WORK TO COMPLETE: Transcribe the records in full, keeping every character as it is.
(DATASET CONTENT begins)
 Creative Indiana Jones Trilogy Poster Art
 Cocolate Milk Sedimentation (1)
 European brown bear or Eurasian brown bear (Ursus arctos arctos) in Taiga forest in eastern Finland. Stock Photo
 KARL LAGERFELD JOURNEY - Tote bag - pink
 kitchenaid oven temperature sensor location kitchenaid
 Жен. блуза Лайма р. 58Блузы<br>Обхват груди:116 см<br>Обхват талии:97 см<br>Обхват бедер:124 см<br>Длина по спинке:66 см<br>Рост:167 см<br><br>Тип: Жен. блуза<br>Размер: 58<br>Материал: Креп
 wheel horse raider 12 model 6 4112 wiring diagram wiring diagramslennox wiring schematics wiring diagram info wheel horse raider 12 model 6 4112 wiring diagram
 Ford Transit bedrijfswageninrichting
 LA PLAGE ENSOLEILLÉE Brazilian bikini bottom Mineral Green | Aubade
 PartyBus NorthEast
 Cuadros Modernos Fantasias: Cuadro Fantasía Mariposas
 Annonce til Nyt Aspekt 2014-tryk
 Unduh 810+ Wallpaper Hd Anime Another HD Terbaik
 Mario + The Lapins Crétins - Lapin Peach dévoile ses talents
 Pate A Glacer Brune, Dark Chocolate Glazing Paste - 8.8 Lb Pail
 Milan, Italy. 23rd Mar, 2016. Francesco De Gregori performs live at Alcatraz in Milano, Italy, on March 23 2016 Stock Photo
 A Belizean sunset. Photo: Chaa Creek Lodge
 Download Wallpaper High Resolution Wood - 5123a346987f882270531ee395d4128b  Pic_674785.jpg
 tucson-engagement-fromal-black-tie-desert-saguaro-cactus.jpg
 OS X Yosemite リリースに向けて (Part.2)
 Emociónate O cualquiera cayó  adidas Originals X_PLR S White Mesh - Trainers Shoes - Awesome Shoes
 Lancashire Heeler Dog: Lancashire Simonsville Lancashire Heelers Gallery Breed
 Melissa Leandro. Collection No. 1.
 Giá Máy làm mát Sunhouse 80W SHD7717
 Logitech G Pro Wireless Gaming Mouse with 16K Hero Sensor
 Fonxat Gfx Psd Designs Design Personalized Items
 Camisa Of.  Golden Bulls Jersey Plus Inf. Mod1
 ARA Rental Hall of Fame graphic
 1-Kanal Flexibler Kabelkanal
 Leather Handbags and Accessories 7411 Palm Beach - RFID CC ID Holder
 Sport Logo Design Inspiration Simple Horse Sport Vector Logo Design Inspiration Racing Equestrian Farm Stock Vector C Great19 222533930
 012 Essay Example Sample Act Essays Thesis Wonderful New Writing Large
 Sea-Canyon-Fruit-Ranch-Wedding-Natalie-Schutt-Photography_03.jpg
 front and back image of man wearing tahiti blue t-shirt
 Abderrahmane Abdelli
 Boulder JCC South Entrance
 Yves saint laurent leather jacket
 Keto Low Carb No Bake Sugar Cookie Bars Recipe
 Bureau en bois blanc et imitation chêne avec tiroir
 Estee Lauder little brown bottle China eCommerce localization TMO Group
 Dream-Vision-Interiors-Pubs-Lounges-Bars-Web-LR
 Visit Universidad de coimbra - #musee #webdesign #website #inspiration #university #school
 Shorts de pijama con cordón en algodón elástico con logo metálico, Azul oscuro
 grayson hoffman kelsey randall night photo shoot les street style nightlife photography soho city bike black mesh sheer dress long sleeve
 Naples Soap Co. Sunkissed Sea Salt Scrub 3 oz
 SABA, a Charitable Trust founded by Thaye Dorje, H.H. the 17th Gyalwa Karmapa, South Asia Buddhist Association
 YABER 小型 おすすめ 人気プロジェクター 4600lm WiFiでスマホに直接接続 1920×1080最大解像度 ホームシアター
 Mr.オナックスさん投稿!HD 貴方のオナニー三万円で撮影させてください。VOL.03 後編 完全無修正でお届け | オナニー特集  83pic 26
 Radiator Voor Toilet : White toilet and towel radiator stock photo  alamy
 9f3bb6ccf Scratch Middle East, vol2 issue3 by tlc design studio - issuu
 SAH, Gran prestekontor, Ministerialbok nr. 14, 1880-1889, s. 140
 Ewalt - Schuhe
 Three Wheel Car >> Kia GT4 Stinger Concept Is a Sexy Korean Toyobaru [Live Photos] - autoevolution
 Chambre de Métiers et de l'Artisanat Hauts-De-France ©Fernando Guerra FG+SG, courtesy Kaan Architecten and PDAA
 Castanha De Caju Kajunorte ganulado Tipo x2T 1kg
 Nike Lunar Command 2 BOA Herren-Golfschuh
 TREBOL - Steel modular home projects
(DATASET CONTENT ends)
TASK RESULT:
 Creative Indiana Jones Trilogy Poster Art
 Cocolate Milk Sedimentation (1)
 European brown bear or Eurasian brown bear (Ursus arctos arctos) in Taiga forest in eastern Finland. Stock Photo
 KARL LAGERFELD JOURNEY - Tote bag - pink
 kitchenaid oven temperature sensor location kitchenaid
 Жен. блуза Лайма р. 58Блузы<br>Обхват груди:116 см<br>Обхват талии:97 см<br>Обхват бедер:124 см<br>Длина по спинке:66 см<br>Рост:167 см<br><br>Тип: Жен. блуза<br>Размер: 58<br>Материал: Креп
 wheel horse raider 12 model 6 4112 wiring diagram wiring diagramslennox wiring schematics wiring diagram info wheel horse raider 12 model 6 4112 wiring diagram
 Ford Transit bedrijfswageninrichting
 LA PLAGE ENSOLEILLÉE Brazilian bikini bottom Mineral Green | Aubade
 PartyBus NorthEast
 Cuadros Modernos Fantasias: Cuadro Fantasía Mariposas
 Annonce til Nyt Aspekt 2014-tryk
 Unduh 810+ Wallpaper Hd Anime Another HD Terbaik
 Mario + The Lapins Crétins - Lapin Peach dévoile ses talents
 Pate A Glacer Brune, Dark Chocolate Glazing Paste - 8.8 Lb Pail
 Milan, Italy. 23rd Mar, 2016. Francesco De Gregori performs live at Alcatraz in Milano, Italy, on March 23 2016 Stock Photo
 A Belizean sunset. Photo: Chaa Creek Lodge
 Download Wallpaper High Resolution Wood - 5123a346987f882270531ee395d4128b  Pic_674785.jpg
 tucson-engagement-fromal-black-tie-desert-saguaro-cactus.jpg
 OS X Yosemite リリースに向けて (Part.2)
 Emociónate O cualquiera cayó  adidas Originals X_PLR S White Mesh - Trainers Shoes - Awesome Shoes
 Lancashire Heeler Dog: Lancashire Simonsville Lancashire Heelers Gallery Breed
 Melissa Leandro. Collection No. 1.
 Giá Máy làm mát Sunhouse 80W SHD7717
 Logitech G Pro Wireless Gaming Mouse with 16K Hero Sensor
 Fonxat Gfx Psd Designs Design Personalized Items
 Camisa Of.  Golden Bulls Jersey Plus Inf. Mod1
 ARA Rental Hall of Fame graphic
 1-Kanal Flexibler Kabelkanal
 Leather Handbags and Accessories 7411 Palm Beach - RFID CC ID Holder
 Sport Logo Design Inspiration Simple Horse Sport Vector Logo Design Inspiration Racing Equestrian Farm Stock Vector C Great19 222533930
 012 Essay Example Sample Act Essays Thesis Wonderful New Writing Large
 Sea-Canyon-Fruit-Ranch-Wedding-Natalie-Schutt-Photography_03.jpg
 front and back image of man wearing tahiti blue t-shirt
 Abderrahmane Abdelli
 Boulder JCC South Entrance
 Yves saint laurent leather jacket
 Keto Low Carb No Bake Sugar Cookie Bars Recipe
 Bureau en bois blanc et imitation chêne avec tiroir
 Estee Lauder little brown bottle China eCommerce localization TMO Group
 Dream-Vision-Interiors-Pubs-Lounges-Bars-Web-LR
 Visit Universidad de coimbra - #musee #webdesign #website #inspiration #university #school
 Shorts de pijama con cordón en algodón elástico con logo metálico, Azul oscuro
 grayson hoffman kelsey randall night photo shoot les street style nightlife photography soho city bike black mesh sheer dress long sleeve
 Naples Soap Co. Sunkissed Sea Salt Scrub 3 oz
 SABA, a Charitable Trust founded by Thaye Dorje, H.H. the 17th Gyalwa Karmapa, South Asia Buddhist Association
 YABER 小型 おすすめ 人気プロジェクター 4600lm WiFiでスマホに直接接続 1920×1080最大解像度 ホームシアター
 Mr.オナックスさん投稿!HD 貴方のオナニー三万円で撮影させてください。VOL.03 後編 完全無修正でお届け | オナニー特集  83pic 26
 Radiator Voor Toilet : White toilet and towel radiator stock photo  alamy
 9f3bb6ccf Scratch Middle East, vol2 issue3 by tlc design studio - issuu
 SAH, Gran prestekontor, Ministerialbok nr. 14, 1880-1889, s. 140
 Ewalt - Schuhe
 Three Wheel Car >> Kia GT4 Stinger Concept Is a Sexy Korean Toyobaru [Live Photos] - autoevolution
 Chambre de Métiers et de l'Artisanat Hauts-De-France ©Fernando Guerra FG+SG, courtesy Kaan Architecten and PDAA
 Castanha De Caju Kajunorte ganulado Tipo x2T 1kg
 Nike Lunar Command 2 BOA Herren-Golfschuh
 TREBOL - Steel modular home projects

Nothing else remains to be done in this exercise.